Le principe de révocabilité ad nutum du directeur général d’une société anonyme, édicté par l’article 492 de l’AUSCGIE, est un principe d’ordre public. A cet égard, un contrat de travail5, qui ne correspond à aucun emploi effectif exercé cumulativement avec la fonction de directeur général, distinct du mandat de directeur général de société anonyme et conclu dans le seul objectif de contourner la rigueur d’un principe d’ordre public, ne revêt aucune valeur juridique.

 

Ndlr. : la présente analyse juridique vaut sous toute réserve généralement quelconque.  

_______________

1. Cour Commune de Justice et d’Arbitrage (CCJA), arrêt n° 013/2012 du 08 mars 2012, ELTON OIL COMPANY C/ PAPA MACTAR SARR, Ohadata J-14-90, www.ohada.com 

2. A. FENEON, Droit des sociétés en Afrique (OHADA), Issy-les-Moulineaux (Hauts-de-Seine), LGDJ, 2015, pp. 743 et suivants.

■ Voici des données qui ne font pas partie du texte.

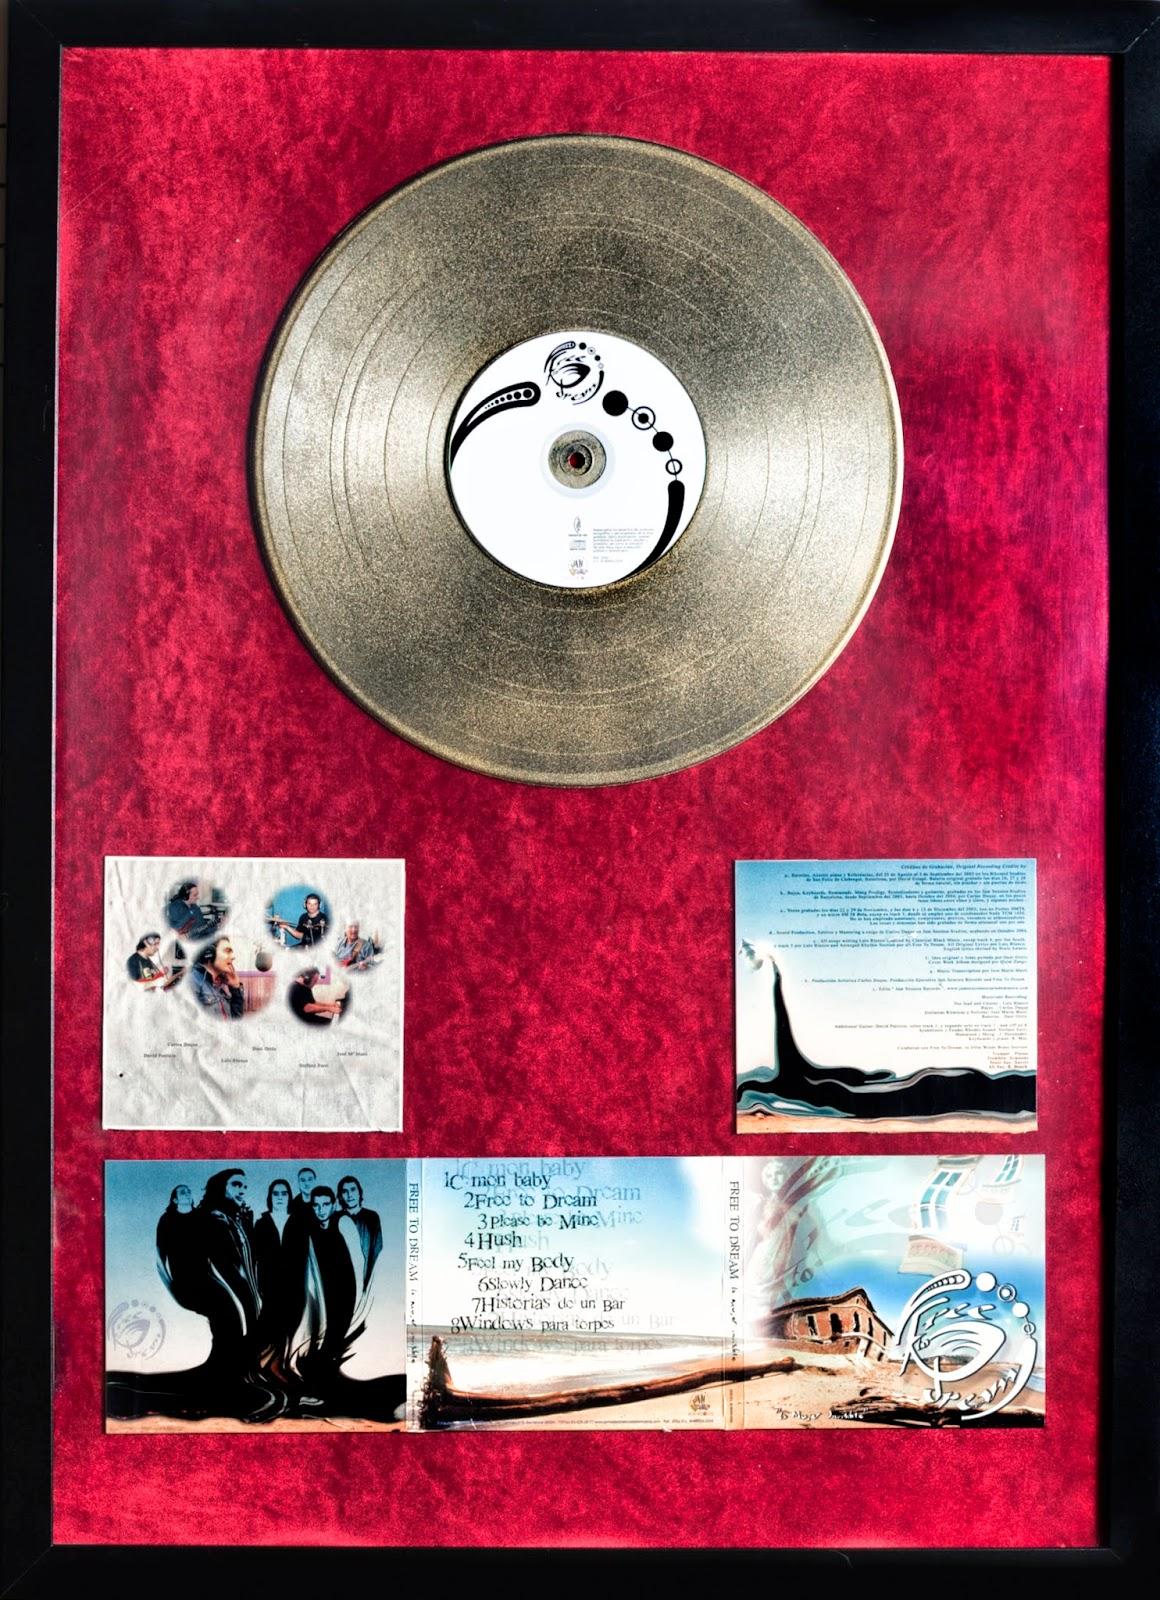 10º Aniversario del álbum

3. Articles 465, alinéa 3 et 487, alinéa 2 de l’Acte uniforme révisé relatif au droit des sociétés commerciales et du groupement d’intérêt économique.

4. Article 492 de l’Acte uniforme révisé relatif au droit des sociétés commerciales et du groupement d’intérêt économique.

5. Article 426 de l’Acte uniforme révisé relatif au droit des sociétés commerciales et du groupement d’intérêt économique : « Un administrateur peut conclure un contrat de travail avec la société si ce contrat correspond à un emploi effectif ».